The thought of Bruno Fernandes de Souza working again has sent shockwaves around the sports world.
The Brazilian soccer goalkeeper joined second-division club Boa Esporte on Monday. Just over one month ago, he was serving a 22-year sentence for ordering the 2010 kidnapping, torture, murder and dismemberment of his ex-girlfriend, Eliza Samudio. Her body was never recovered, and Bruno’s cousin told a court her body parts were fed to the player’s dogs.
Most expected Bruno to serve 15 more years behind bars on his 2013 conviction, but he was released last month on a technicality, while his lawyers appeal his conviction.
Boa Esporte quickly signed the one-time Brazil national team hopeful on a two-year contract, and he could return to the field in the coming months.
But signing Bruno predictably has sparked outrage from near and far. Sponsors Nutrends Nutrition, CardioCenter and Magsul have ended their partnerships with the team, according to the Guardian’s Jonathan Watts. Fans and social media users also are in an uproar.
However, Boa Esporte stands by its signing of the 32-year-old goalkeeper.
“Esporte Clube was not responsible for the release and freedom of the athlete Bruno,” Boa Esporte president Rone Moraes da Costa said on Facebook, according to CNN’s Marilia Brocchetto and Shasta Darlington.
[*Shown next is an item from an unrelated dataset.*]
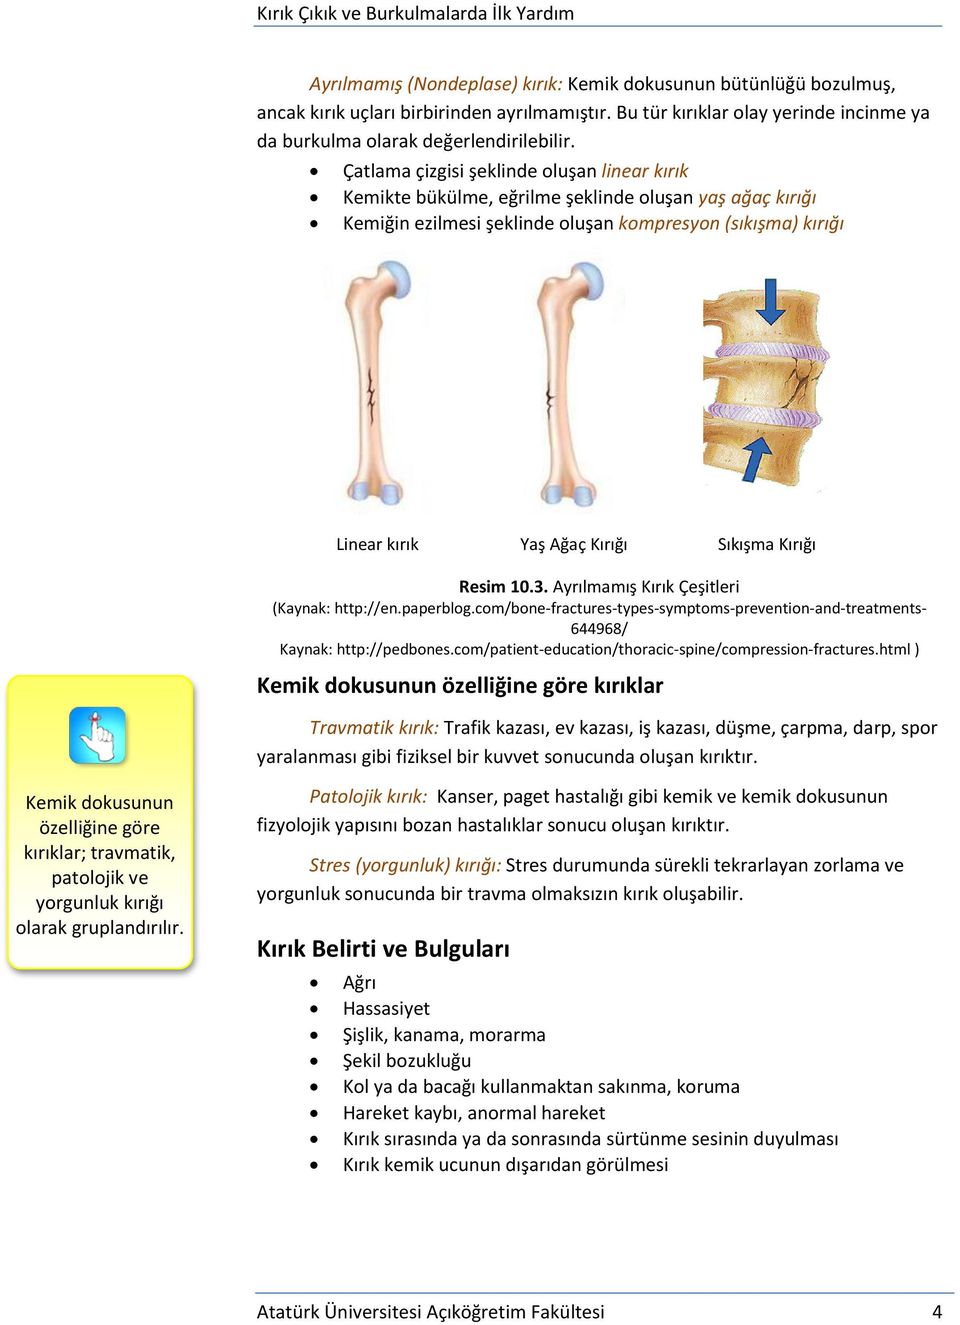 Kırığı Resim 10.3. Ayrılmamış Kırık Çeşitleri (Kaynak: http://en.paperblog.com/bone-fractures-types-symptoms-prevention-and-treatments- 644968/ Kaynak: http://pedbones.

Da Costa added his club was “giving work to those who intend to recover.”
Boa Esporte said in another Facebook post Bruno “deserves a new opportunity as a professional. … The club has no relation with Bruno’s personal actions, nor with his past, having hired only the professional.”
But few are willing to side with the club’s viewpoint, and the club should prepare for weeks, months and years of criticism.